The Occupy Principle

I like the idea of promoting a more casual idea of wine, but I guess I won’t be using the “Occupy” trademark, since it would be  too easy to confuse the wine group with the larger transnational advocacy movement.  But I think that what I am calling the “occupy principle” probably applies to both.

Usually we think that movements need to stand for something quite specific — to have an clear agreed agenda — and in the long run I think this is very important. But in the short run sometimes it helps if a movement is a little ambiguous, with a flexible identity that can lend it self to several different purposes and attract a good many followers. I think this ambiguity helped the Occupy Wall Street movement to gain initial attention and to spread as it has done.

The Occupiers I have read about resent and oppose unequal wealth and power (the gap between the 1% and the rest), but differ in many other respects. It will be interesting to see if a clearly focused agenda emerges and, if it does, what specific goals are adopted. Perhaps, of course, the protest itself and the consciousness-raising it provokes are sufficient as a first step.

Conspicuous Non-Consumption?

A wine movement for the 99% would surely bring together the wine world equivalent of “strange bedfellows,” too. Some supporters are just cheap (or thrifty, if you will) and want a little respect for their self-restraint. Others may be against an elitist idea of wine or oppose conspicuous consumption (which in the case of trophy wines often takes the rather bizarre form of conspicuous non-consumption — costly “collector” wines to look at and talk about, not necessarily to drink).

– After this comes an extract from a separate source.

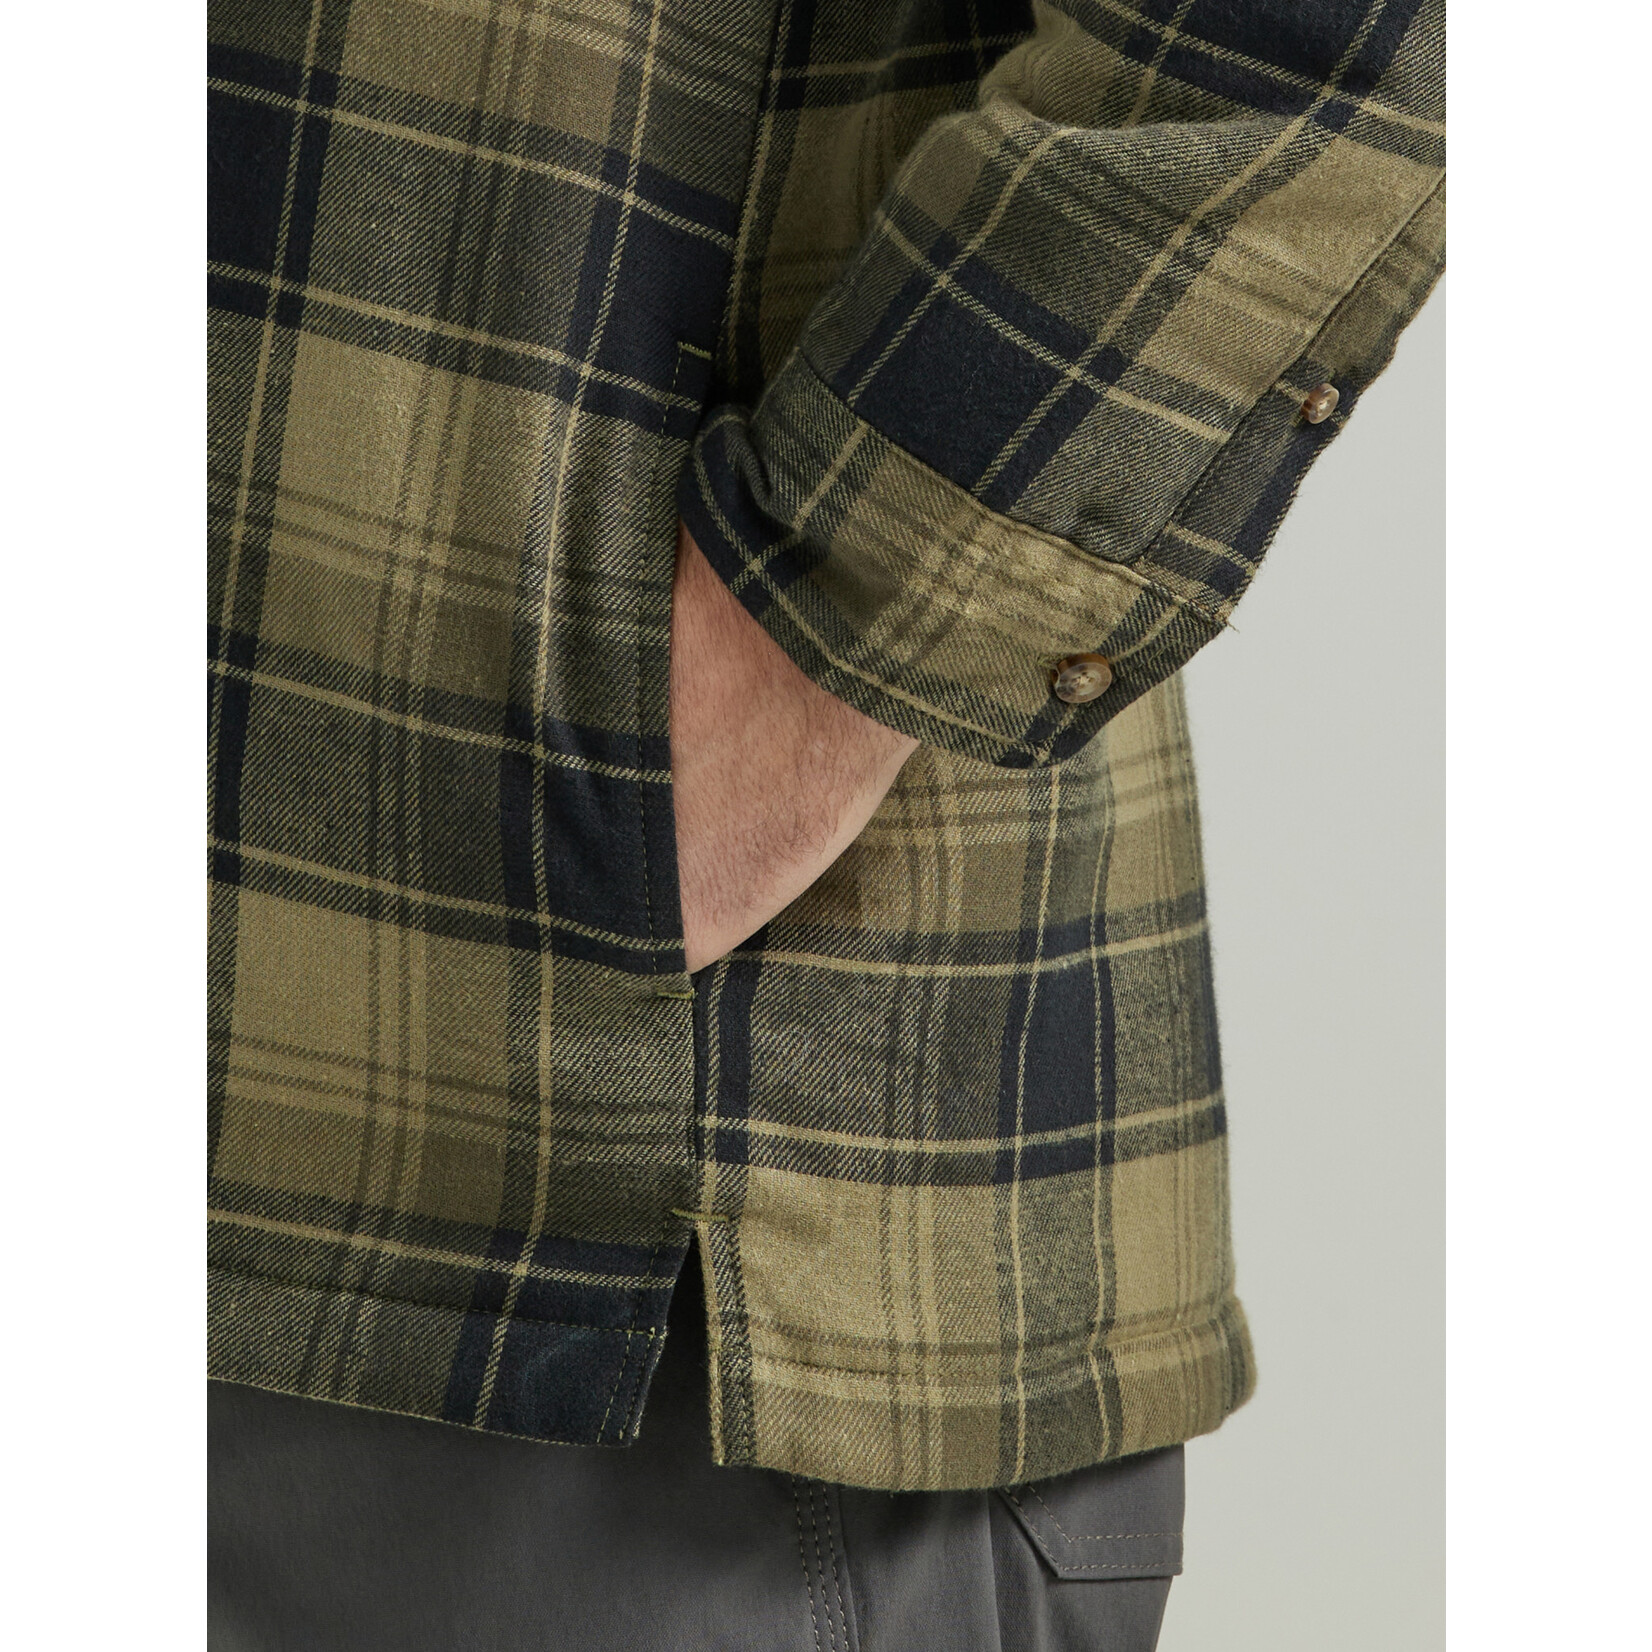 Wrangler Wrangler Men's Riggs Workwear Hooded Flannel - 112330072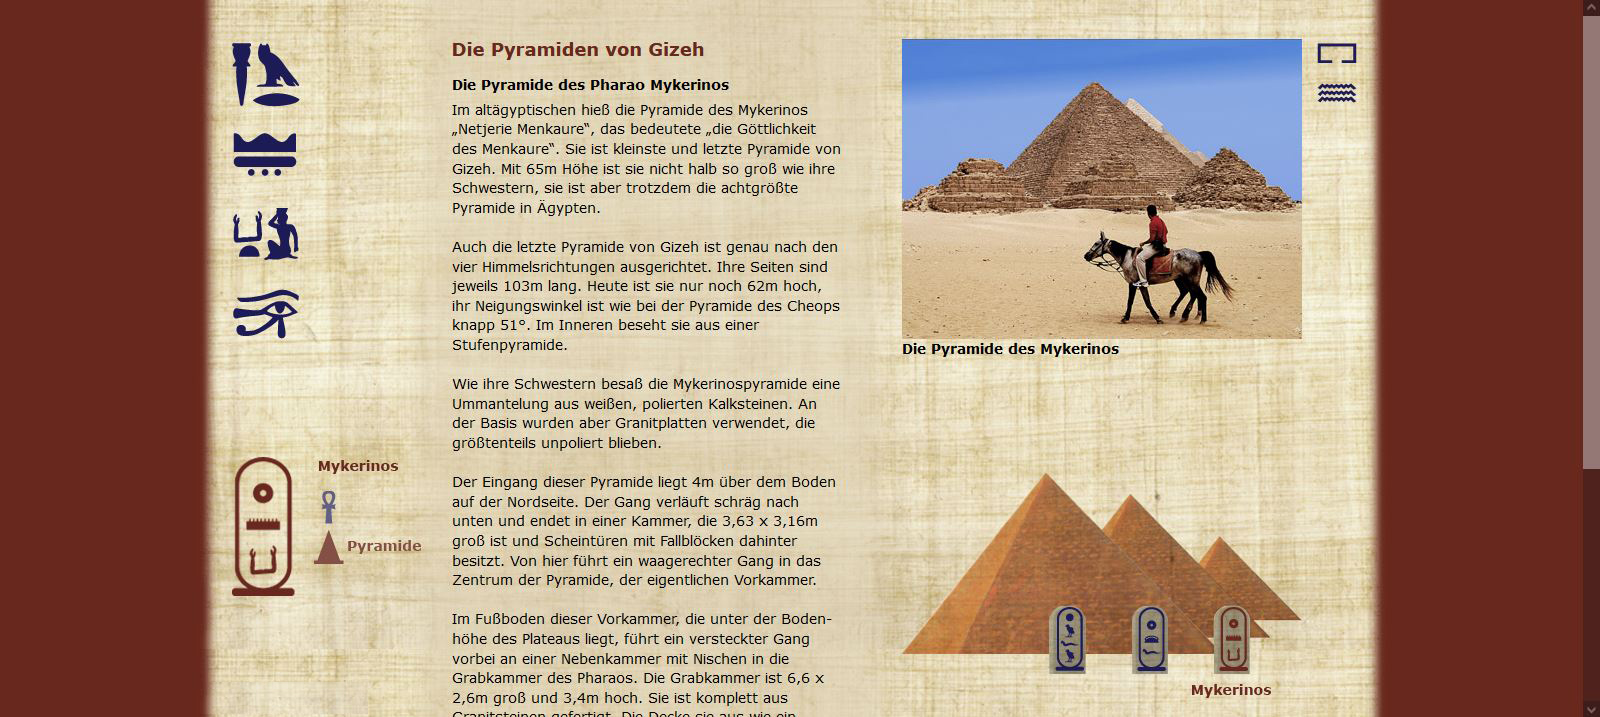 Die Pyramiden von Gizeh - Mykerinos - Pyramide

The reader who originally suggested the Occupy Wine idea has a more basic approach: wine doesn’t have to be a mystery (and most wine isn’t) and it shouldn’t cost an arm and a leg (most wine doesn’t). There’s no reason that perfectly decent, relatively affordable wine can’t be a part of almost everyone’s daily life. That’s a Wagnerian attitude through and through and I can see why he wantd to see it given more attention in the wine world.

The Commanding Heights

So if there were to be an Occupy Wine protest, where would we gather and what would we do? That’s a bit of a problem since the places that sell the most wine (including supermarkets and wine shops) often have a lot of choices for the 99 percent — not much to oppose there.  Costco is the largest wine retailer in the U.S. and although it does sell some icon wines, most of the products are more affordable. Most 99-percenters probably view Costco as friendly territory because of its policy of marking up wine only 15% for most bottles and 17% for house brand Kirkland Signature wines.

I suppose that we could protest in front of high end restaurants that sell superstar wines at super-nova prices. But I think restaurant wine mark ups are an issue of their own. And besides, the smell coming out of the kitchen would probably make me crazy. We could meet at Trader Joe’s to acknowledge the Two Buck Chuck phenomenon, but it wouldn’t be the same.

No, we would need to occupy the “commanding heights” — which in the case of wine means the wine media, where the 1 percent wines are praised and raised to an often unreachable altar.  But there are flaws in the plan to Occupy Wine Spectator, too. First, all the popular wine magazines are making efforts to reach price-sensitive “99%” buyers just now, even if they also run stories about one percent wines. Even Wine Advocate identifies good values and I have seen box wines and house brands included in some wine magazine reviews.

Fait Accompli?

The other problem is that I am not sure that there is a market for an alternative Occupy Wine magazine that would focus on everyday wine values and ordinary wine lifestyles. The target audience probably wouldn’t buy it — they’d rather spend their money on wine than wine literature. And in any case there are several wine blogs that cater to the good value audience.

Maybe … and this is only speculation … maybe we have already occupied wine and we just don’t realize it? The wines are there and so are we, the 99 percent.

Occupy Wine is a fait accompli? Who knew! Spread the word.